Deputy Vance was right. Twisted f**k.

Though Luke doubted Monica would consider that a professional term.

“Her body’s still at the morgue?” Luke asked. From the report he’d been given, he knew the victim had been found two days before, dumped like garbage in an abandoned house.

If the deputies hadn’t raided that place, looking for a drug dealer…

“Yeah, she’s still there.” Lee stepped back. The sun glinted off his badge. “You folks need to get settled at the motel or you wanna—”

“Take us to the body,” Monica ordered just as Luke said—

“The body.”

The deputy yanked out his keys. “Sorry… but you two are gonna have to ride in the back…”

In the back of the squad car. Nice.

Monica climbed in first. Luke sucked in a breath, smelling her, warm woman and a hint of that light perfume she’d always worn, and he tried his level best not to touch the woman as he crowded in beside her.

His thigh brushed hers. Focus. He cleared his throat and managed to say, “The second body—I didn’t see much about that victim in my files.” He leaned toward the gray cage that separated him from the uniforms. The better to get away from Monica’s soft flesh.

The engine kicked to life, and the car shot forward.

Vance, buckled in the passenger seat and with the radio at his mouth, glanced back at him. “That’s cause there wasn’t much left of Sally to see.”

• • •

Morgues sucked. Luke hated ’em, always had.

And the dead—they were everywhere. Hell, he’d joined the Bureau to save lives. Not to sit with the dead.

But Monica, she sauntered around the room, those heels tapping, staring at the dead woman from every angle, her bright eyes narrowed and intense—and not the least bit hesitant as she fired question after question at the ME.

“Time of death?”

“What was the killing wound?”

“Any drugs in her system?”

“These marks on her face… that look like a pattern to you?”

Her white-gloved fingers pointed right above the woman’s left cheek.

The ME, Doctor Charles Cotton, was a balding man with some of the palest skin Luke had ever seen. Cotton eyed her with a worried stare as she circled the table like a vulture coming to pick apart her prey. The two deputies were there, huddled at the back of the room. Lee kept glancing at the floor, and not the body, and old Vance had his lips pressed so tightly together Luke thought the guy might draw blood soon.
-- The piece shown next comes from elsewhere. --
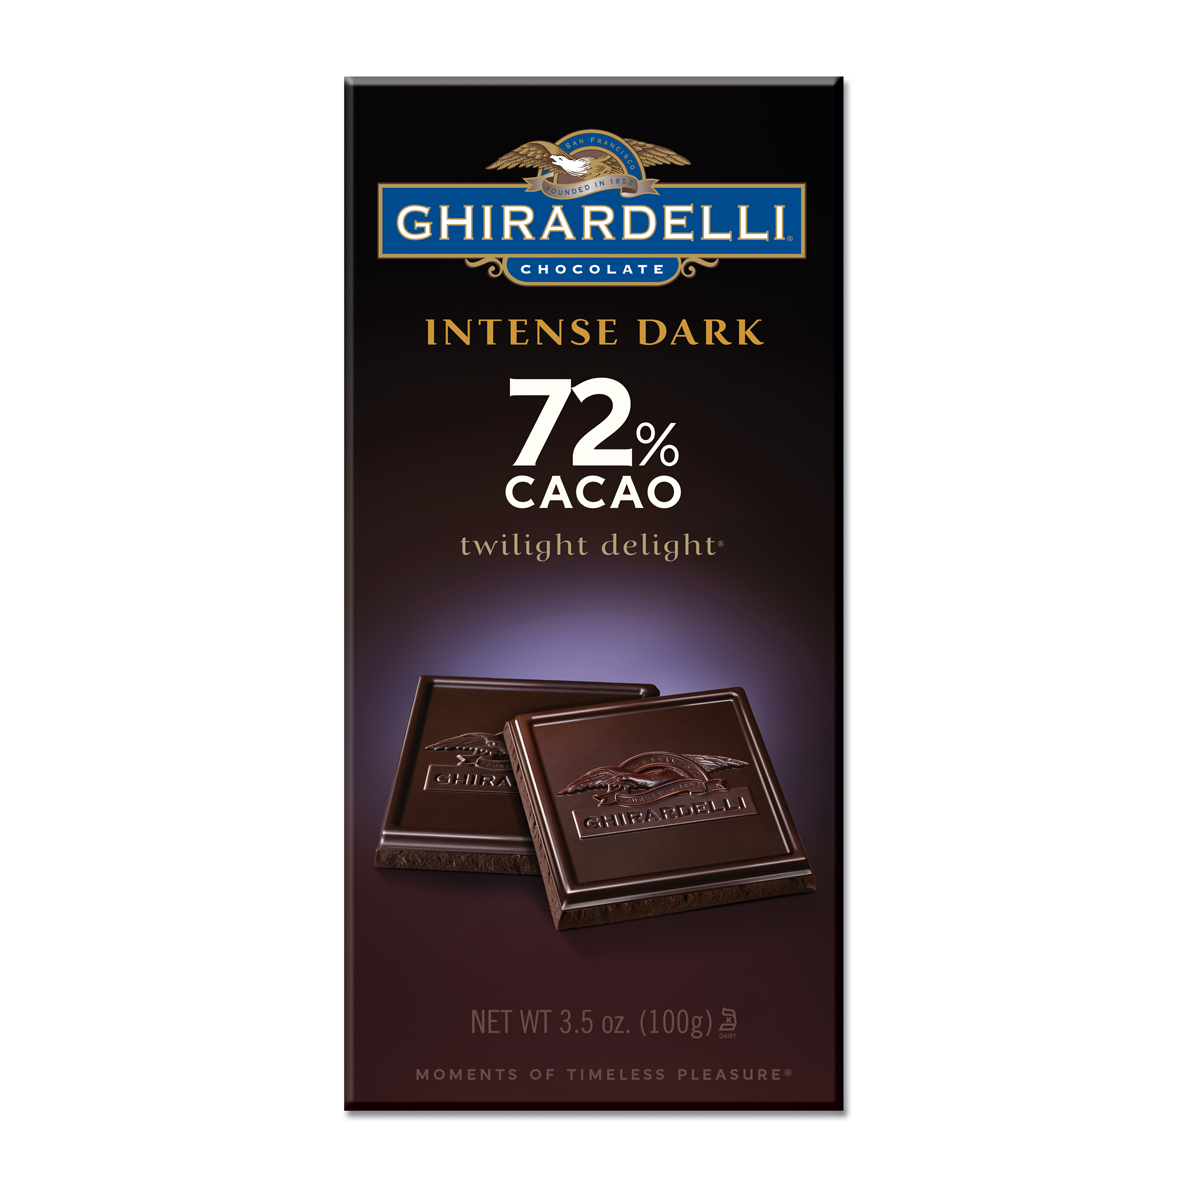 Ghirardelli Intense Dark Twilight Delight 72% Cacao Bar

Not morgue guys. He didn’t blame ’em, not one bit.

Luke swallowed and tried to ignore the scent of death that shoved up his nostrils.

“So our killer took his time and did all of this…” Monica motioned to the criss-cross of wounds on Patricia “Patty” Moffett’s face and chest, “before he decided to kill her.”

A prick who liked to play.

“That’s what my report says.” Cotton crossed his thick arms over his chest. The guy’s half-eaten pizza sat on a table behind him.

The guy ate in here with the bodies? Jesus.

Monica glanced over at Luke.

Ah, his cue. Luke took a step toward the body. The stiffs really weren’t his specialty, and he hadn’t thought they were Monica’s either.

The killers—those guys were all hers.

But if one thing had been drilled into him in those profile classes at the Academy, it was that even dead victims could talk. You just had to know how to hear them.

He glanced at Patty’s wrists. Saw the purple circles.

Restraints.

Luke stalked to the end of the table and lifted the sheet. The same circles mottled her ankles.

“No drugs.” At least not when the slicing started. You didn’t restrain someone who was out cold. “She was awake and aware while the ass**le carved her up,” he said, fury boiling through him. The woman had been small, petite, and she’d just turned twenty-nine.